For me this song is what he could said to me when he finally realize how much he care for me and how much he miss me.
My heart is still broken and I hope he'll realize how great we were together when he get back from his trip...
To: A Point of View | Reviewer: J | 2/2/12 | Reviewer: M | 5/27/12
You were very brave facing that situation, I know how anything but easy is walking away from your boyfriend for yourself, because it's destroying you in silence. I did the same, looked for an excuse to leave him apart, pushed him away from me. That killed me inside.
I have an enormous self dignity and I used to sin of pride and trying to keep myself save behind high walls I had built along the time.
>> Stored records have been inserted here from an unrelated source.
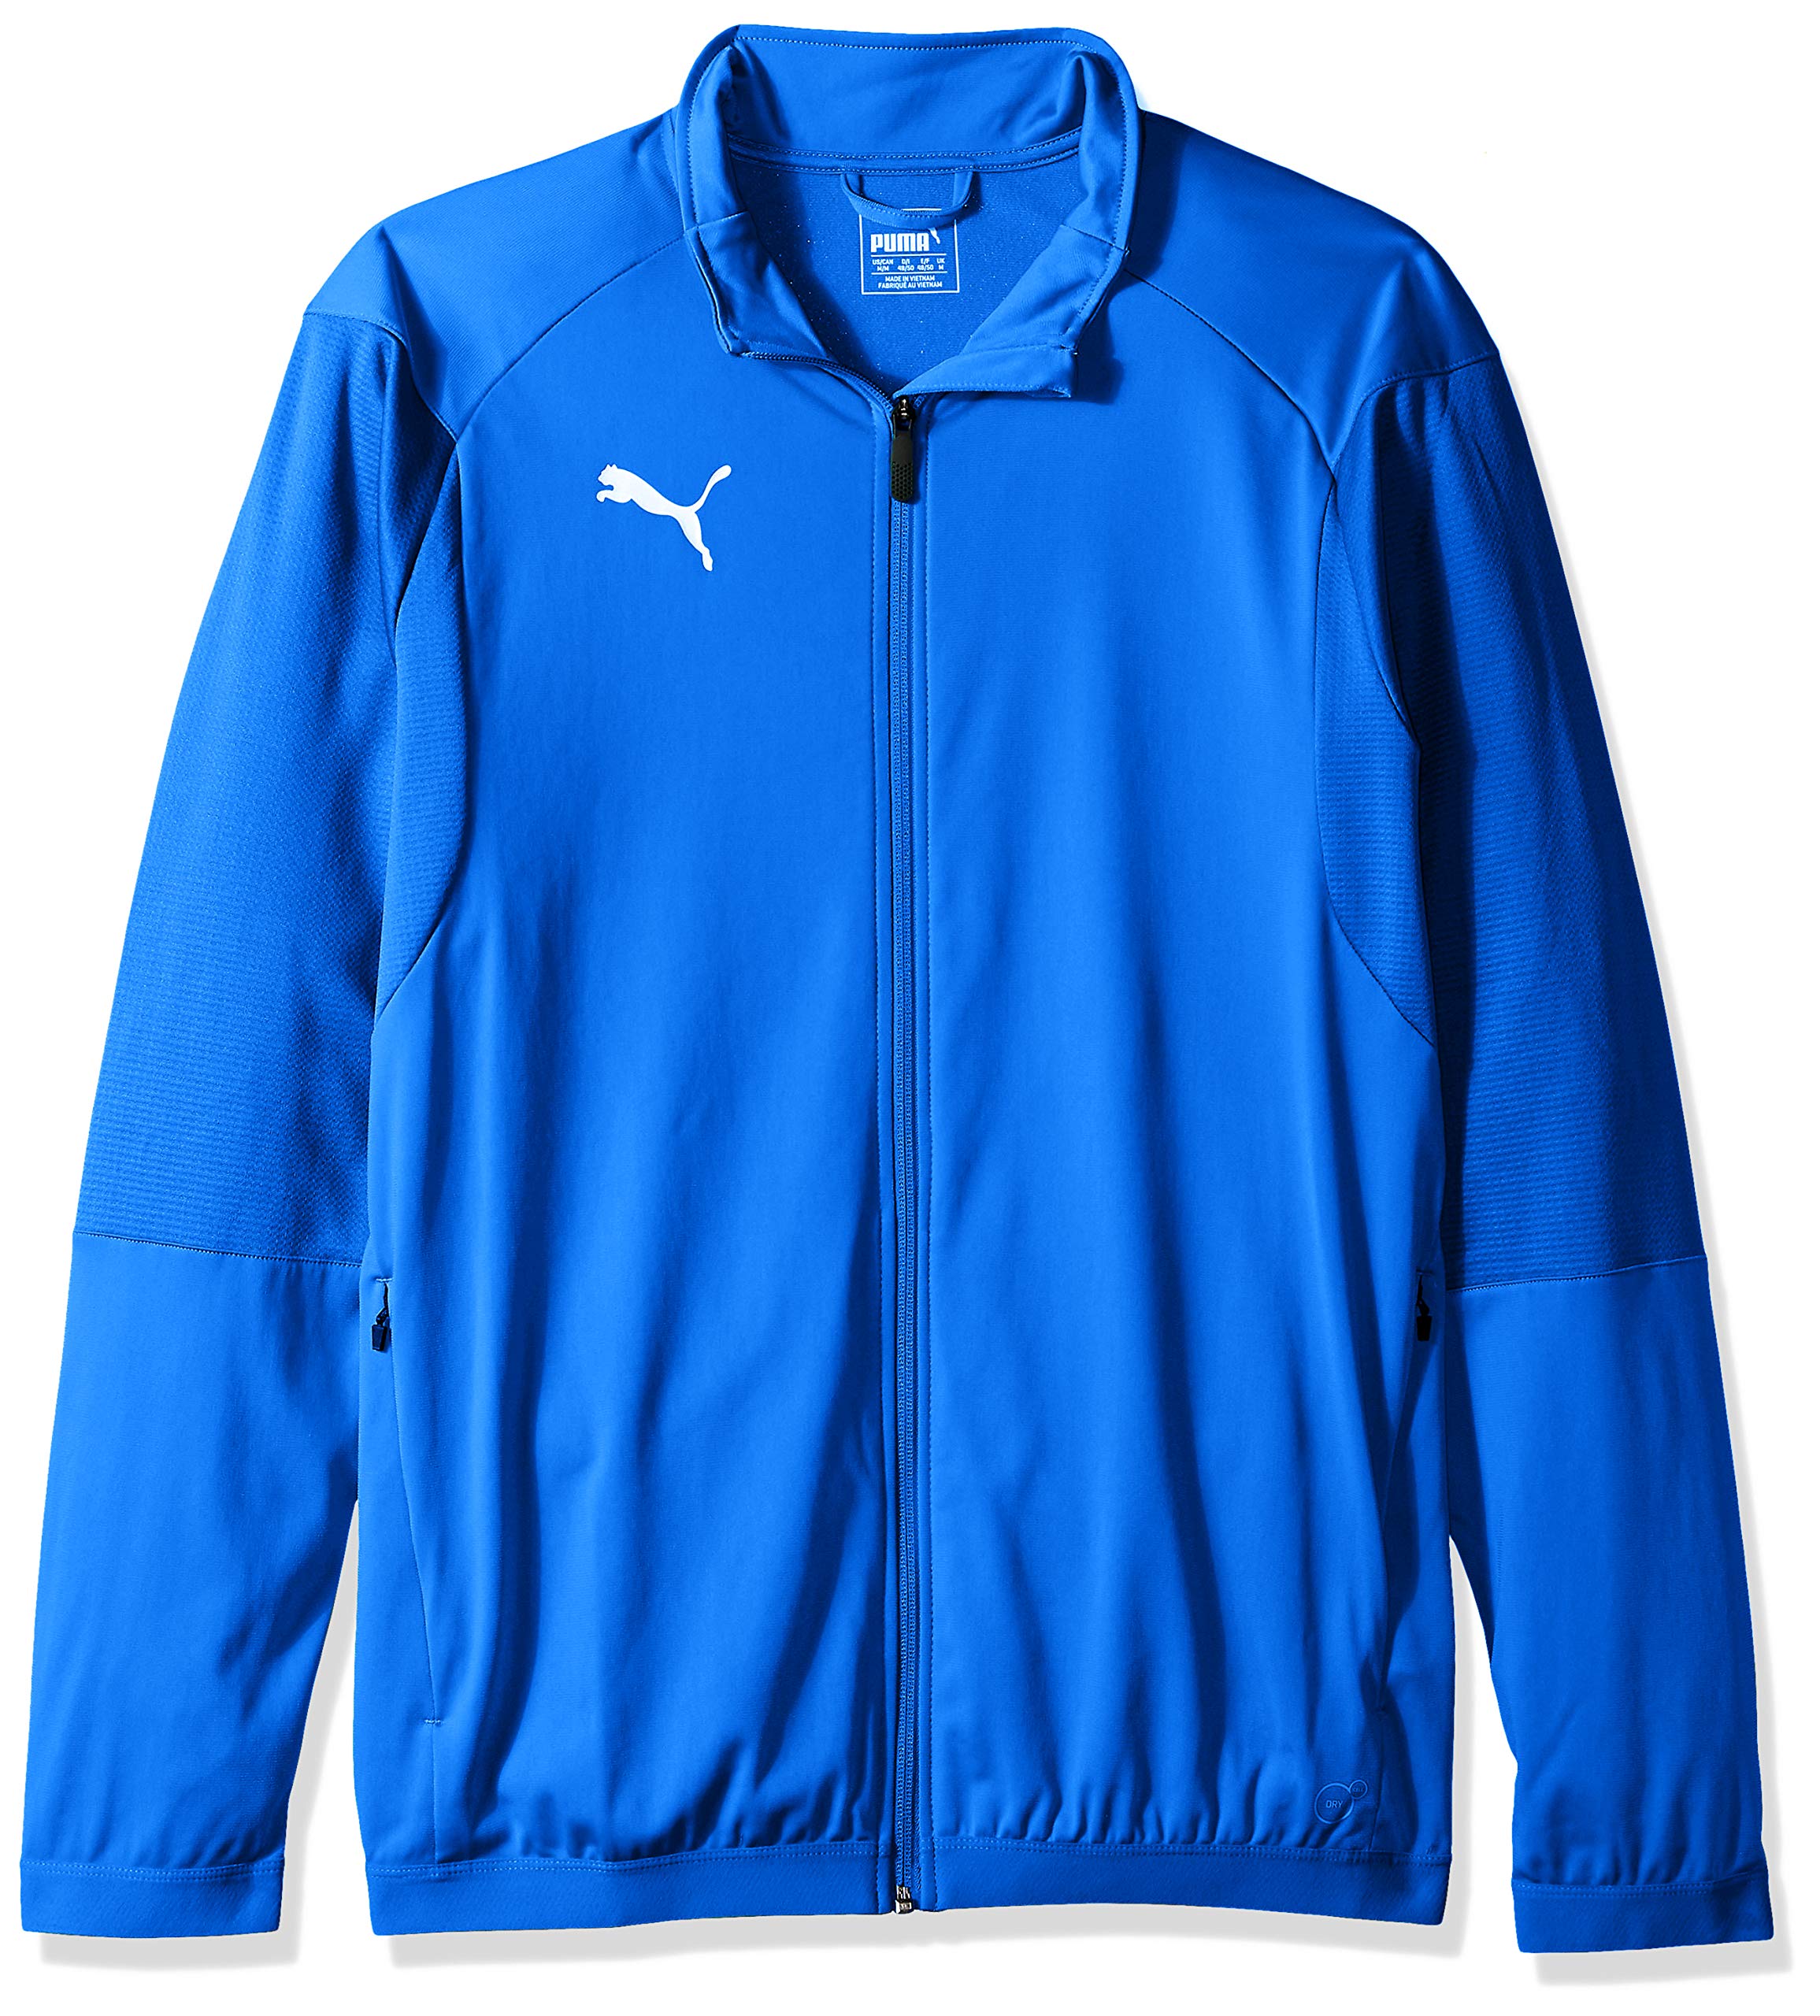 PUMA Mens Liga Training Jacket - Electric Blue Lemonade/White - XX-Large
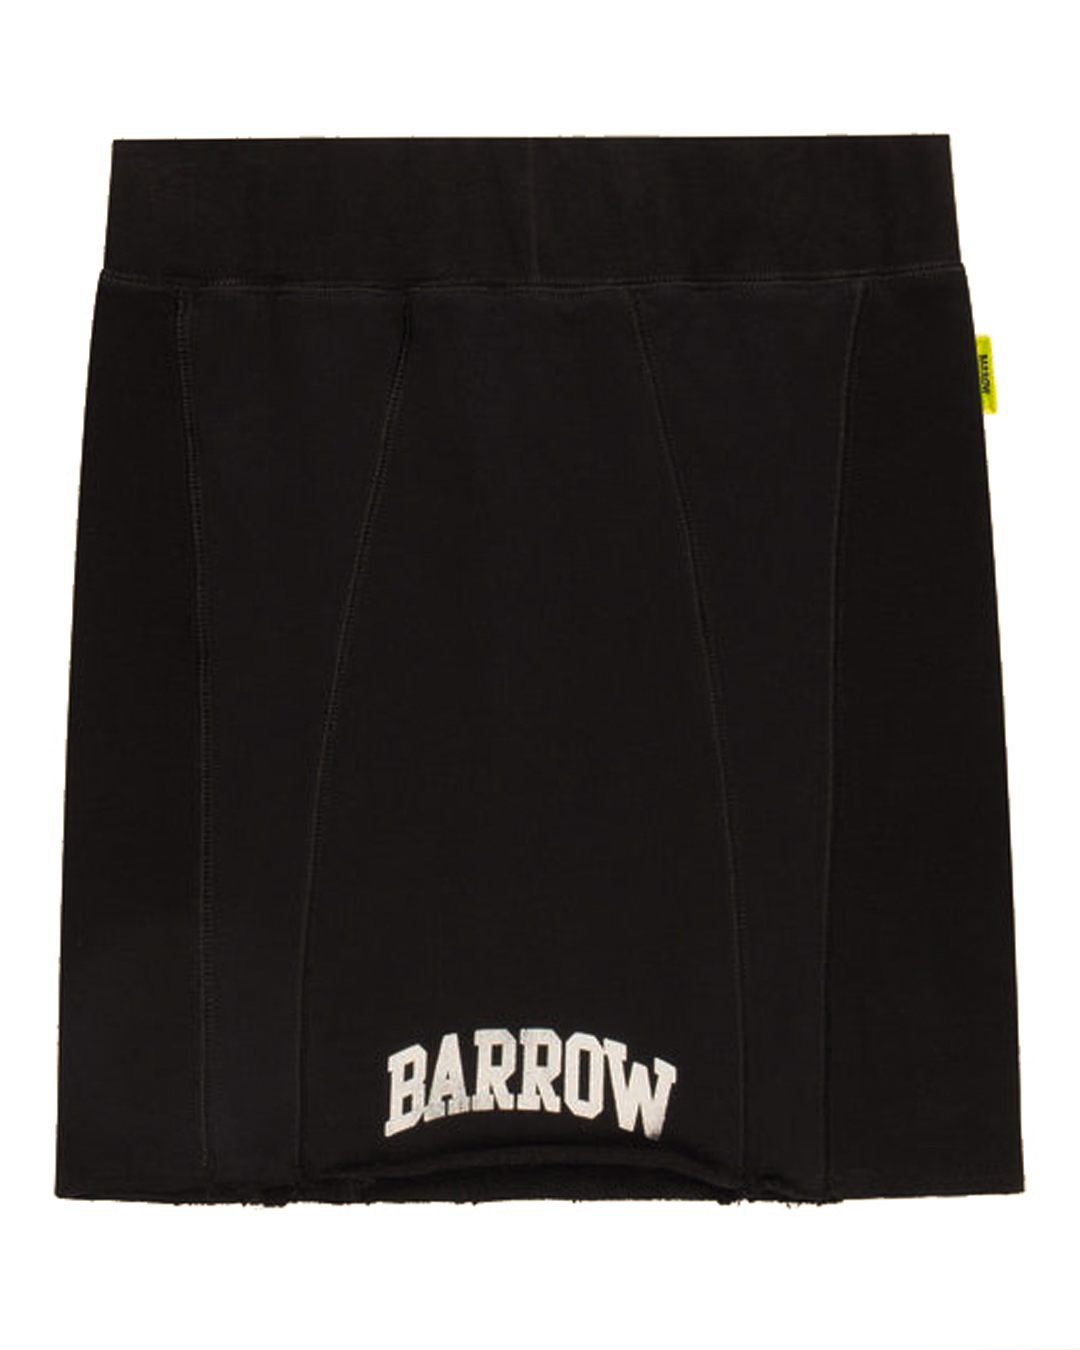 юбка BARROW S4BWWOSK118 черный l, размер l - фото 1
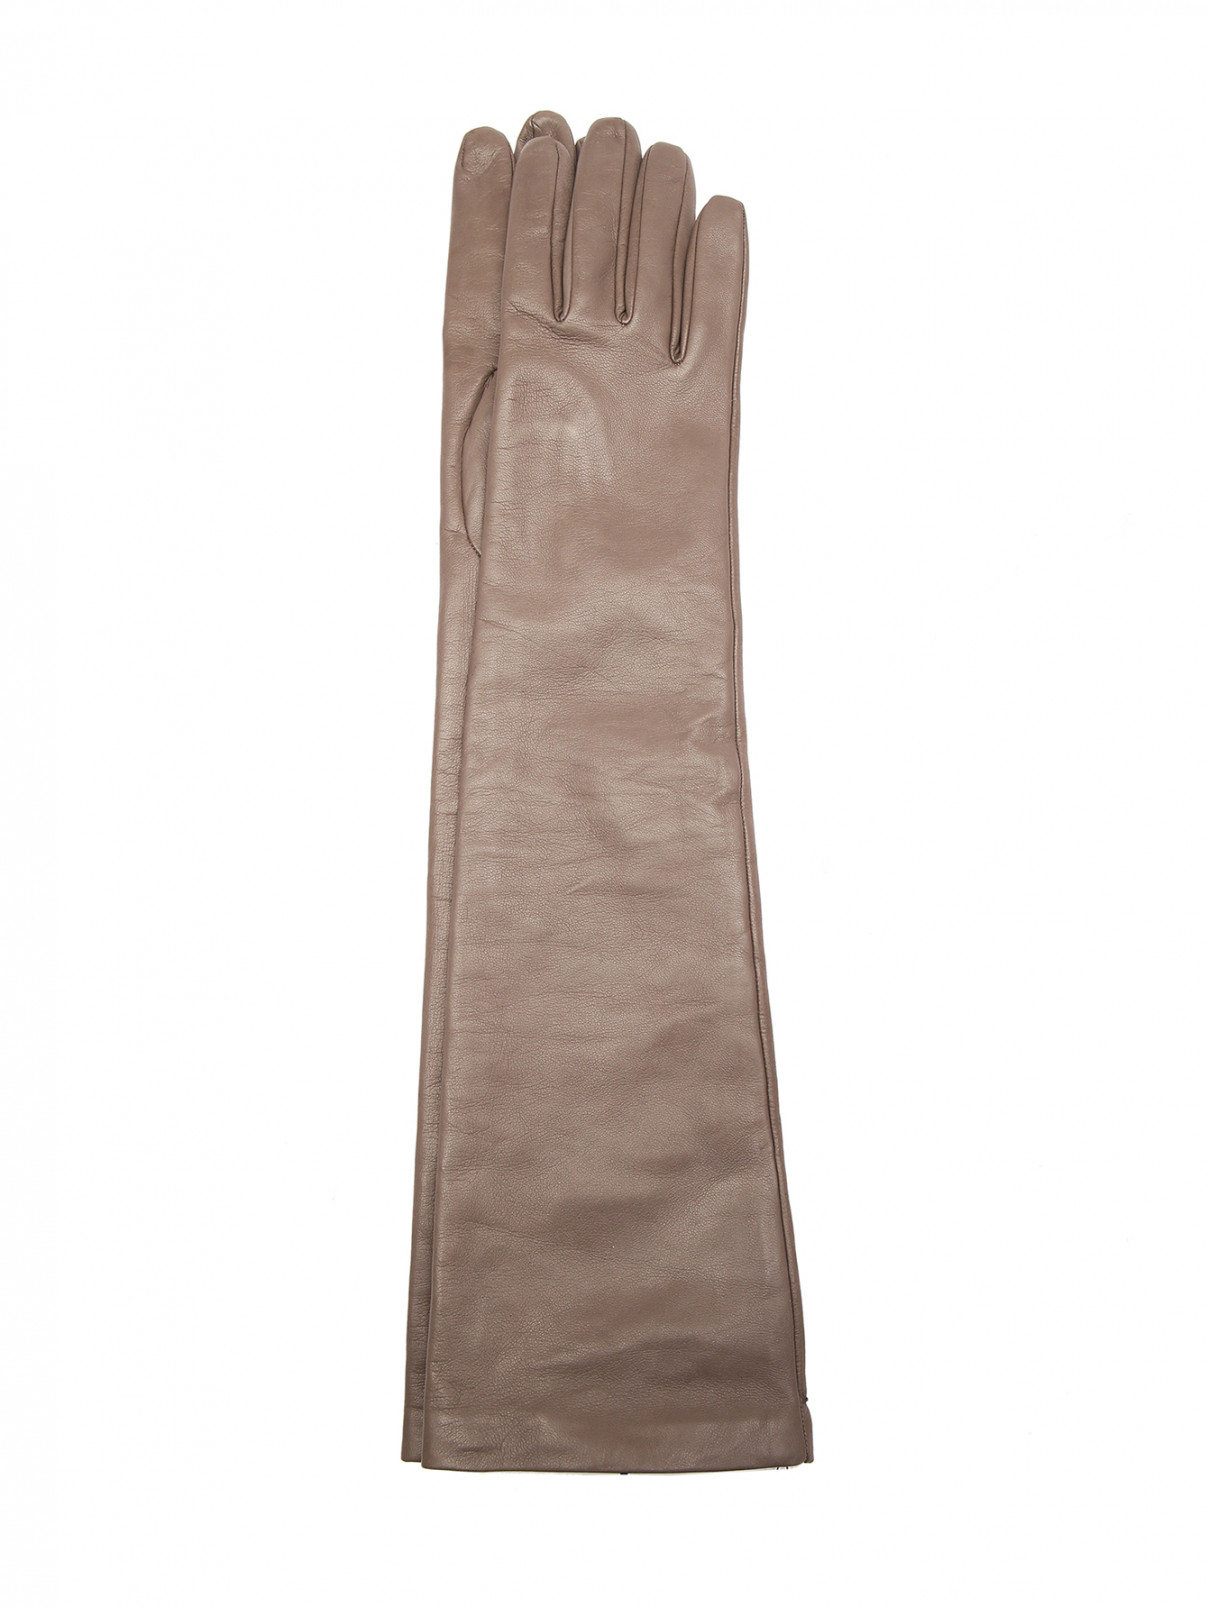 Высокие перчатки из кожи Marina Rinaldi  –  Общий вид  – Цвет:  Серый
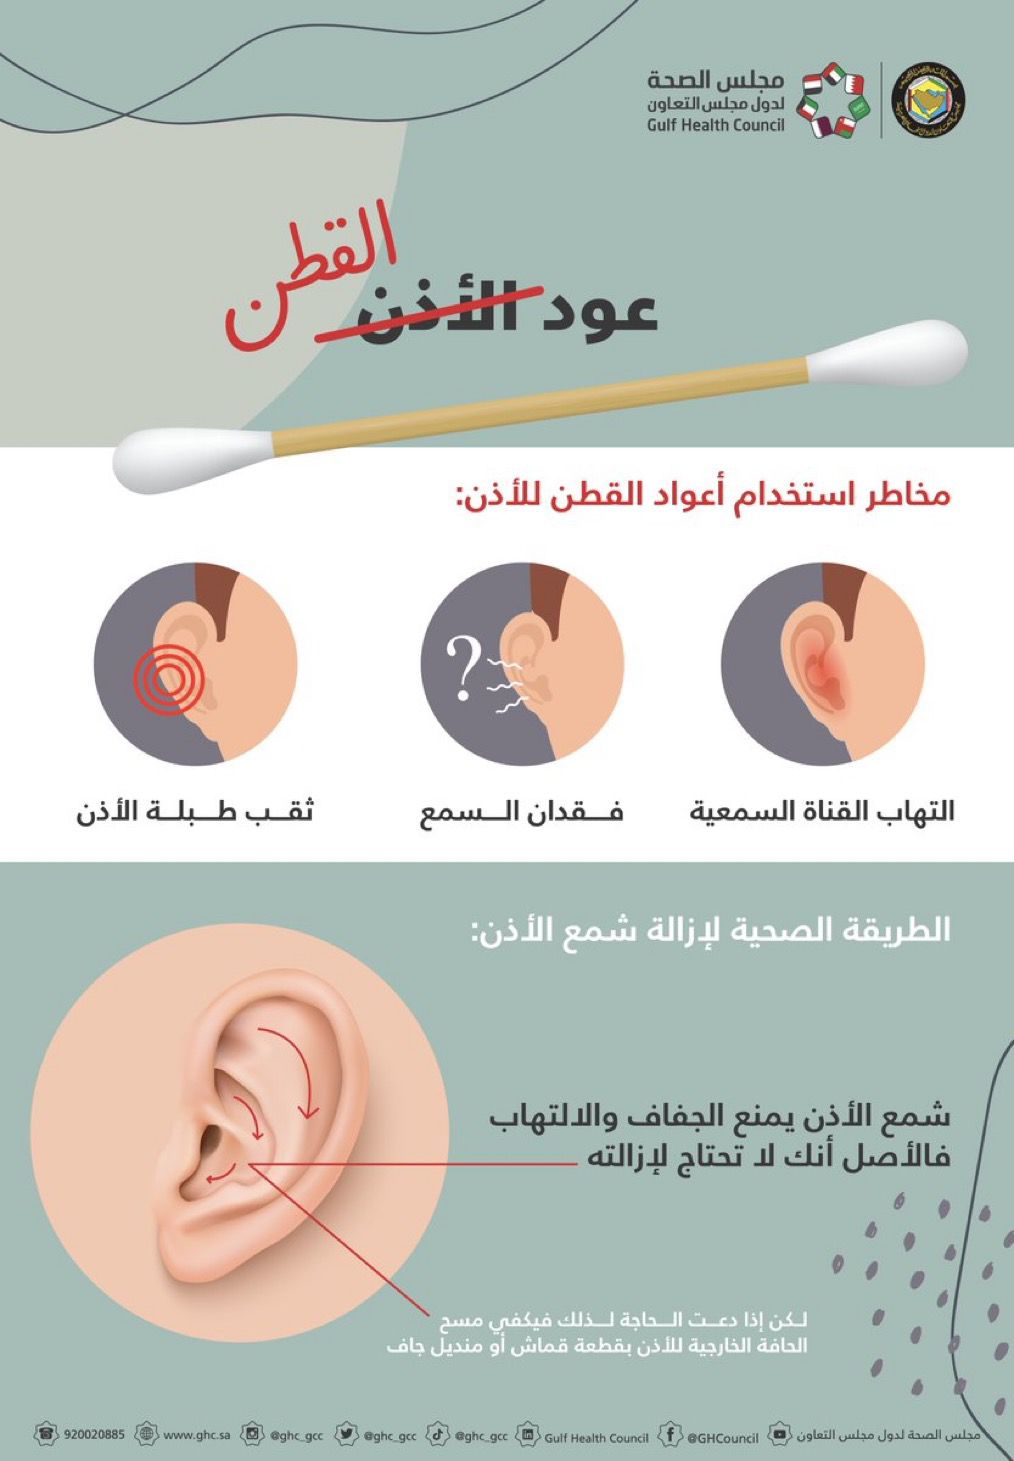 مجلس الصحة الخليجي يصحح اسم واستخدامات اعواد القطن
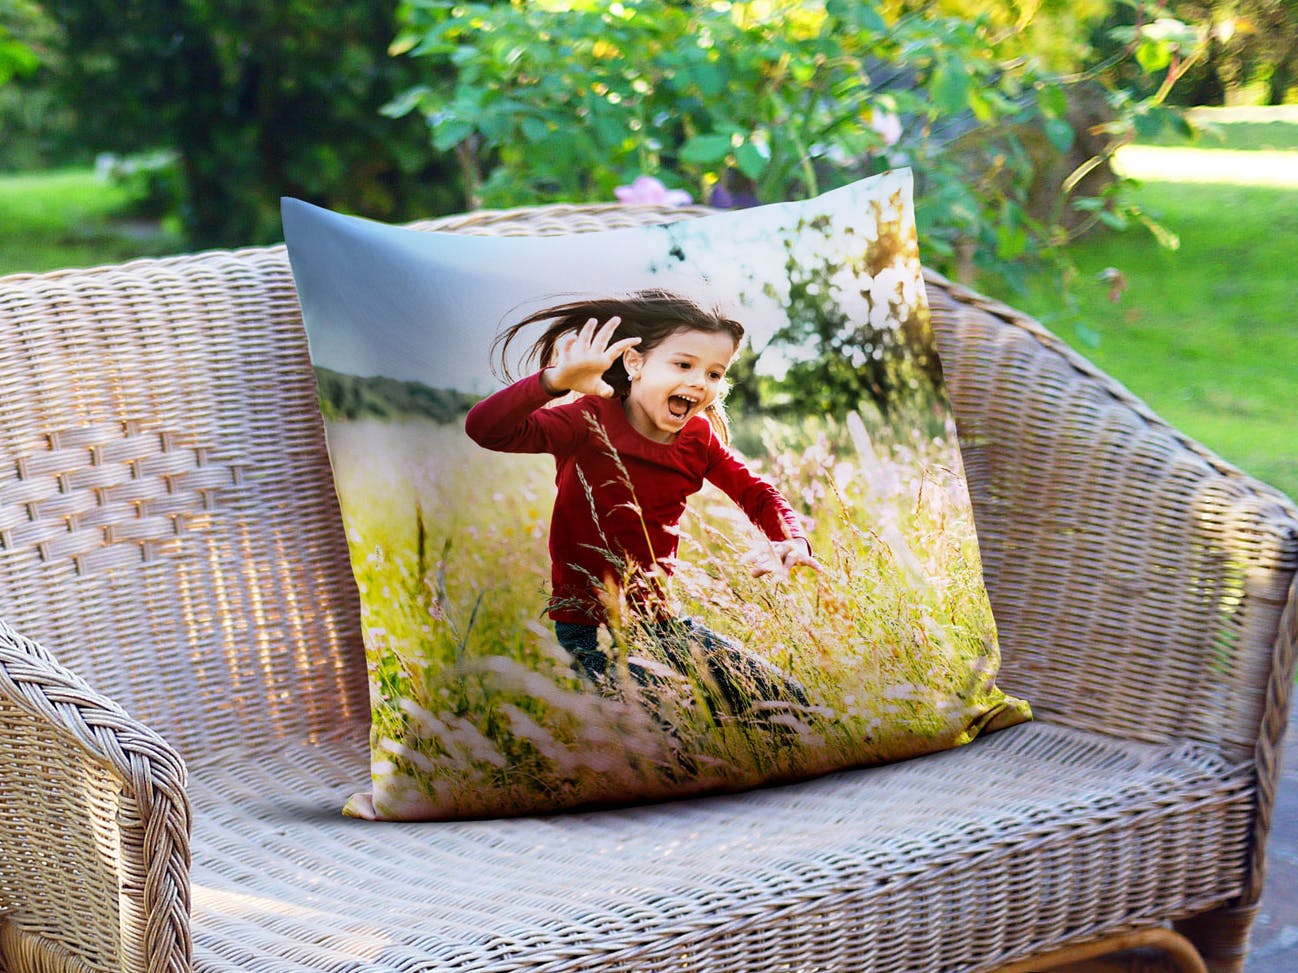 Cojín personalizado cuadrado en un banco de jardín con fotos de una niña que ríe

But it was then, the moments I was alone, lying on my bed looking at the roof and thinking of how I had reached to that point when I realised that I loved him how I had never loved anybody else, even myself.
So I packed my dignity and threw it away to crawl back into his open arms. I was not sure at all if he would accept me after I had broken up with him for no reason to him. But I tried, he was all that I had, and I couldn't just stay there and stare at how what I loved the most, my reason to smile and my entire life went away. I was lucky since his heart is as big as the moon is. It wasn't easy to get through that pain, suffering, loneliness and doubts path but, at the end of it, there's always a light: either to amend your mistake or to be able to deal with all that stuff.
Personally, if I were you, after this long time you must have made your mind and decided whatever you have decided, but don't give up: there's nothing to lose but pride along the way. Pride might be useful in front of people in general –beast trying to haunt, cook and eat you up- but when you're right in front of your love, of those who you truly love and they love you back, they will hurt you -yeah, that happens- but, they will essentially just see you and act with you with loving eyes and loving heart. That’s why I realised my walls were completely useless and I had been wasting my time. That and that I accepted that I wouldn’t be able to become that robot I wanted to be in order not to suffer and feel that pain I was so afraid of.
Suffering is as part of life as loving is, you can’t get the good missing the bad, that’s how it is and how it must be. Stones in your way to trip into are not randomly disposed there but so that you learn from it, one way or another. I learnt pride in love leads nowhere, that trying is better than wondering and not only that those who doesn’t risk never wins, but also that those who risk too much might lose too much, but what you win is much better, much more rewarding than what you may lose (and get back, by the way).
Hope this might be useful for anybody there.
One of My Favorite Songs | Reviewer: Sara | 3/24/12
The truth is that I love Coldplay and this song is one of many awesonme songs they´ve done. It´s so emotional and it injects you with a powerful dose of nostalgia. Though I´ve never had a experience like the reviwers before me, what with the letting somenone special go,I do know the feeling of looking back and regretting ever having the chance of something special slip away. I am overprotective of myself and don´t ever take a wild jump into the unknown and because of that I have many "what if´s" in my life. So in some level I relate to this song. Beautiful lyrics. Beautiful music. Yet another song magically put together.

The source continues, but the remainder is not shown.